Print the whole listing again exactly as it stands, leaving out any images.

§ Exercise data

######

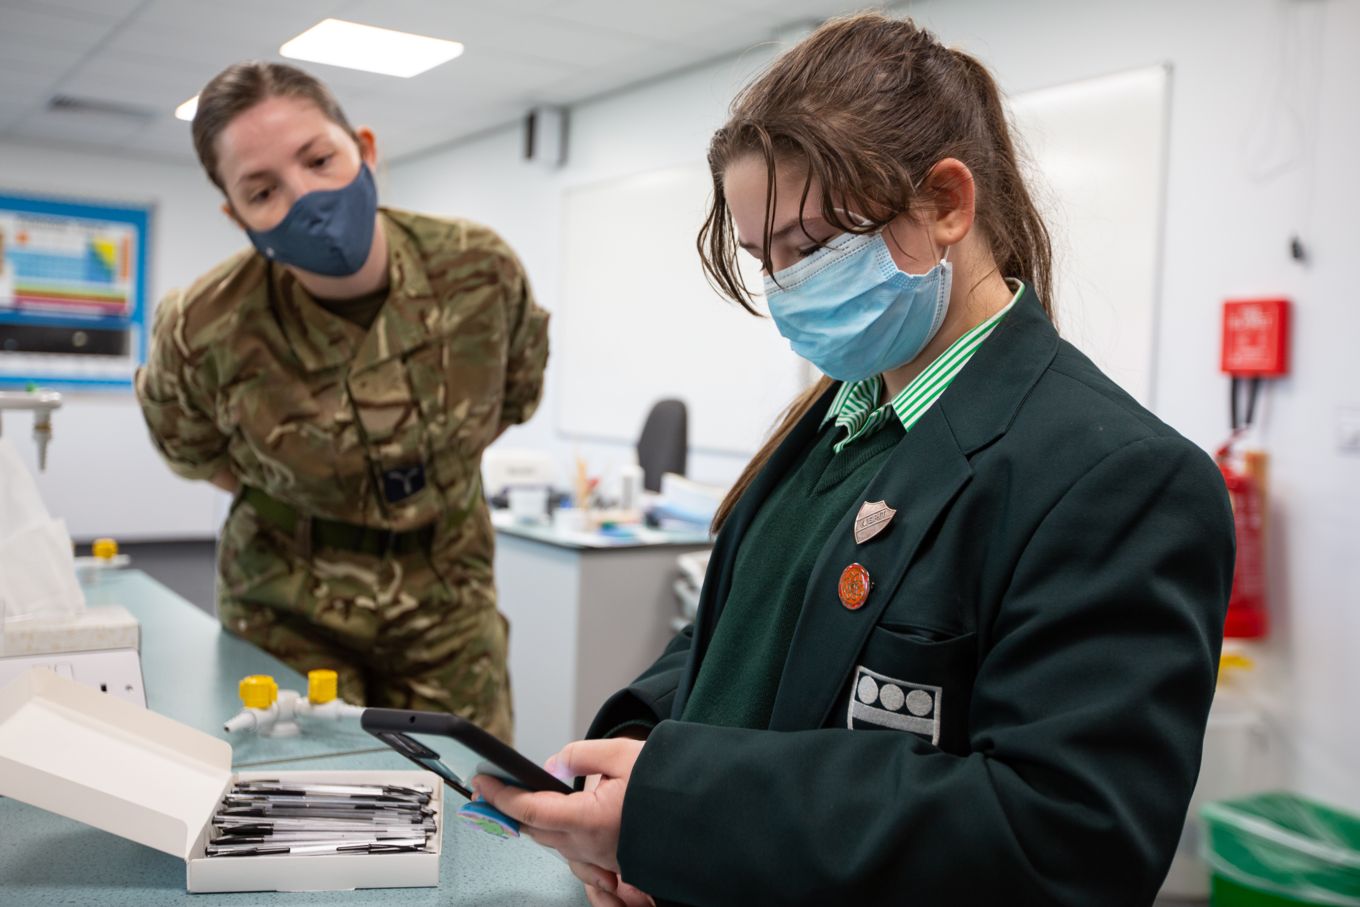 SAC Kayleigh Coleman from RAF Wittering assists a pupil with the Coronavirus app
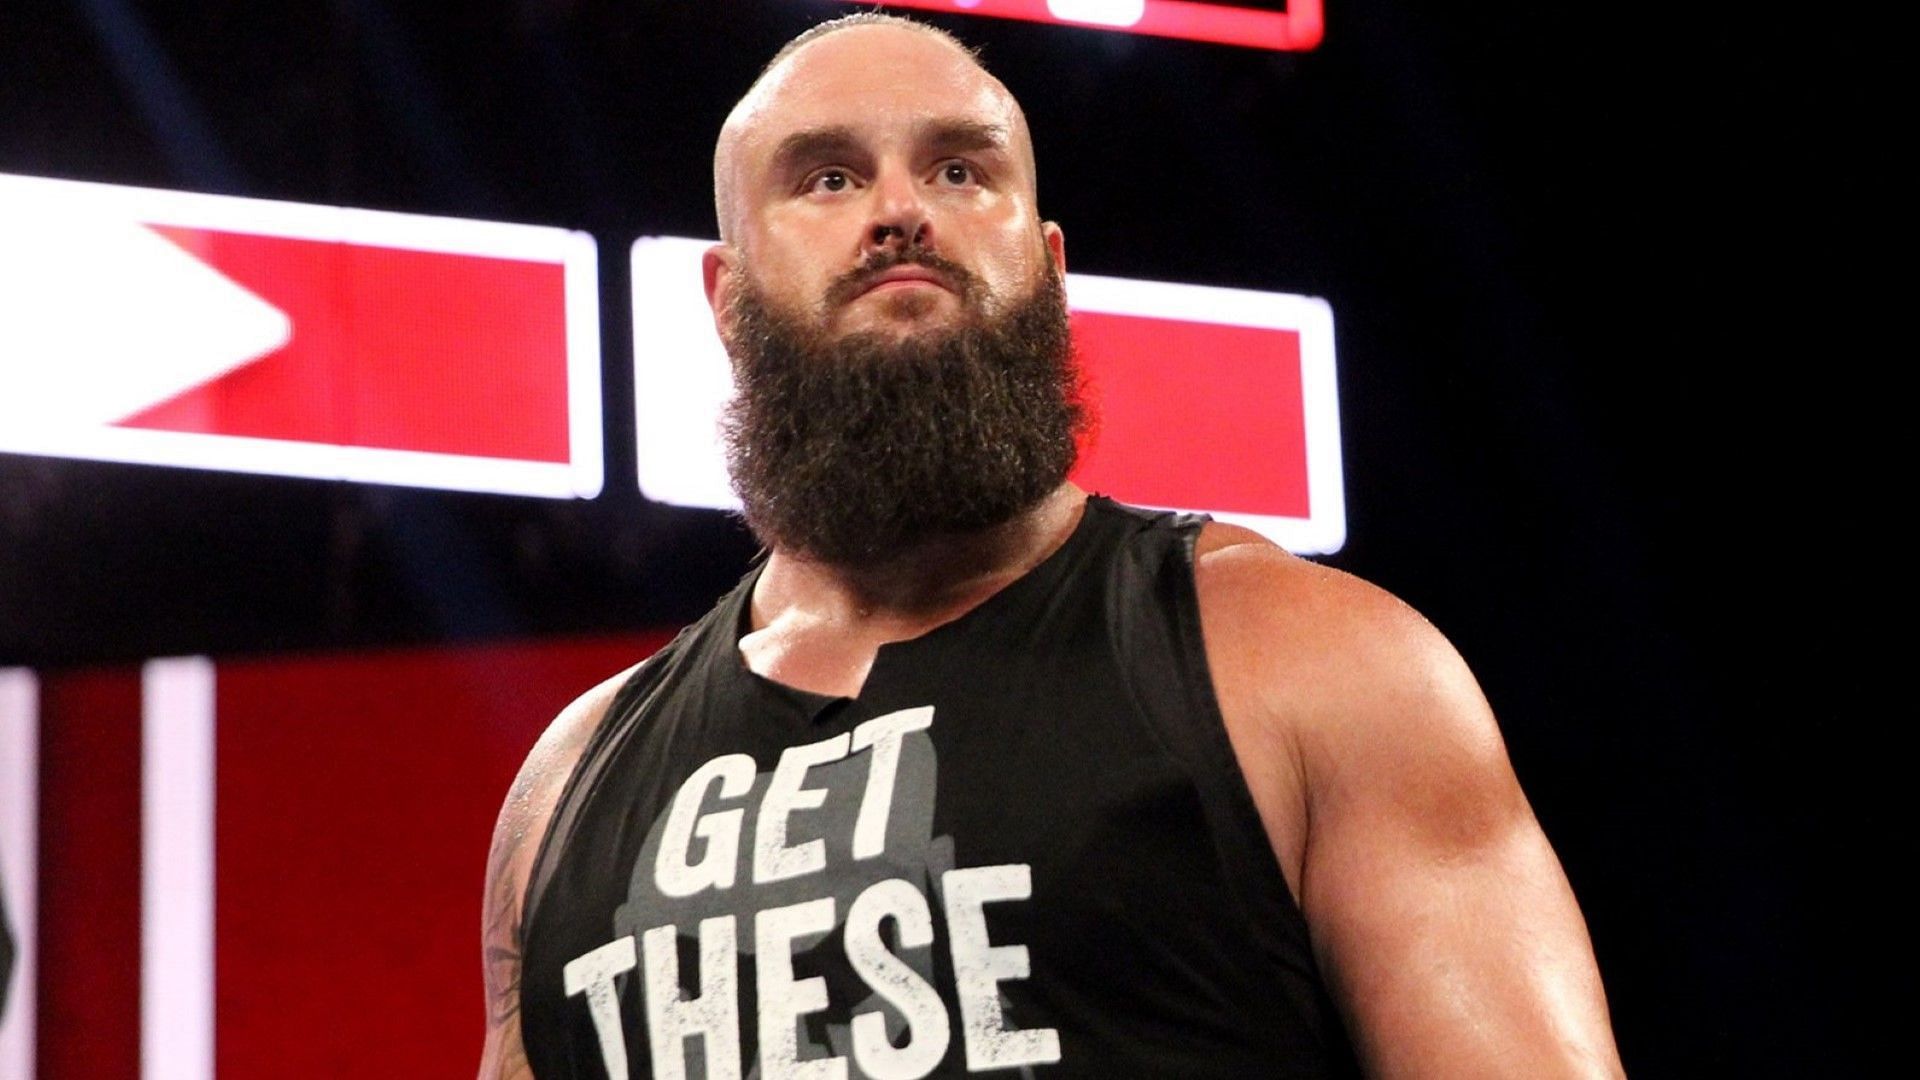 Braun Strowman stands tall for the crowd on WWE RAW
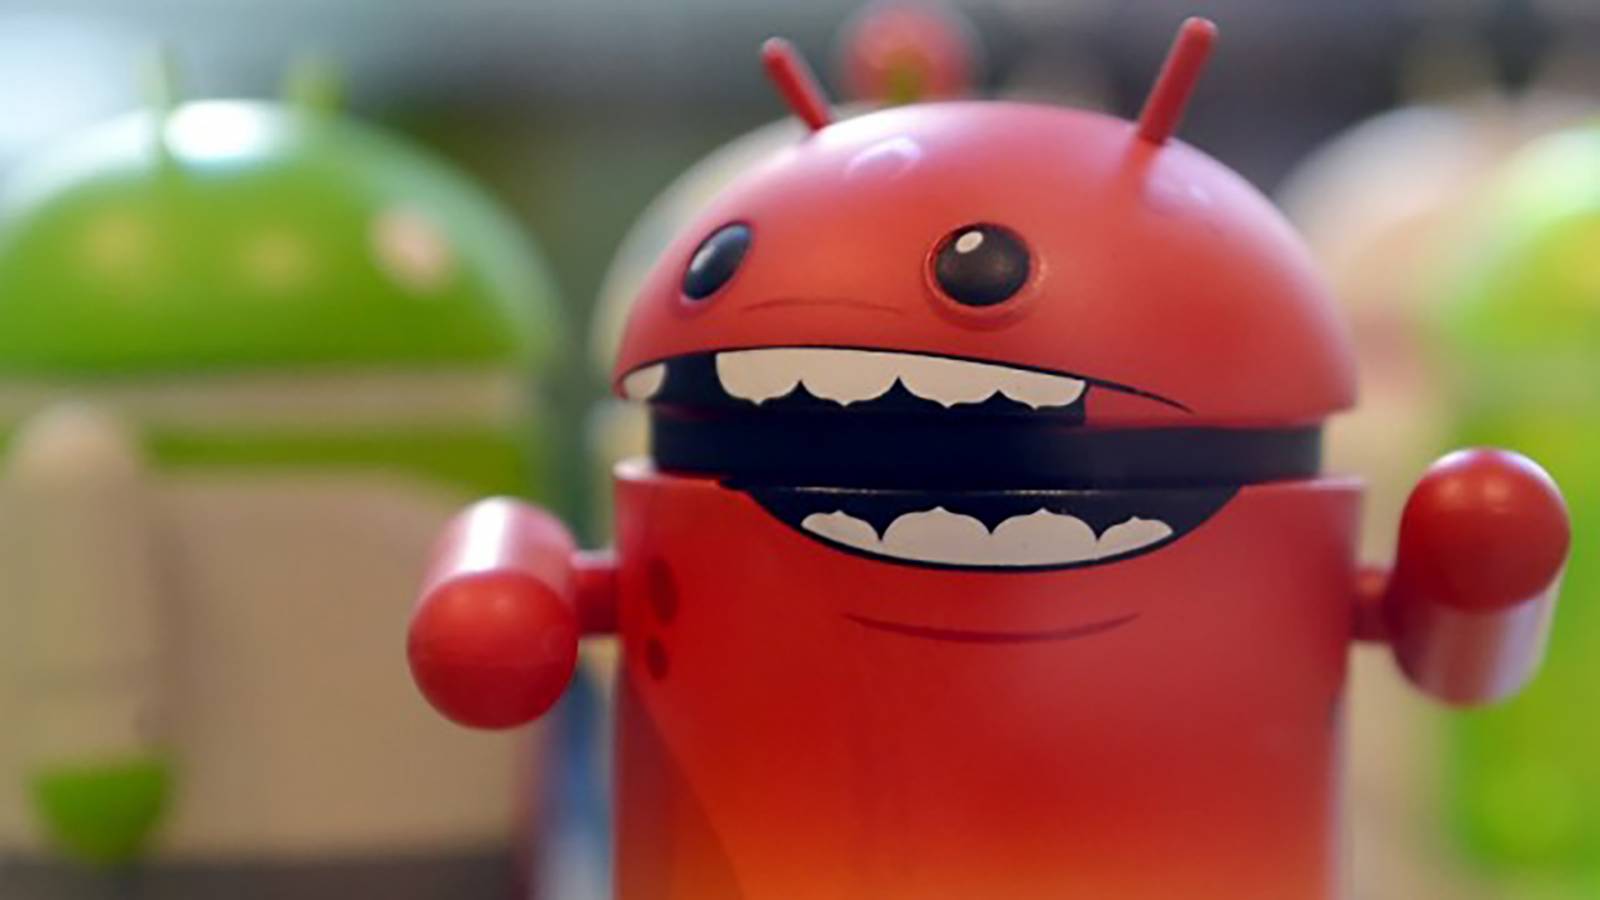 Android alerts tens of millions of people

######

§ Solution for this problem
 SAC Kayleigh Coleman from RAF Wittering assists a pupil with the Coronavirus app
 Braun Strowman stands tall for the crowd on WWE RAW
 Android alerts tens of millions of people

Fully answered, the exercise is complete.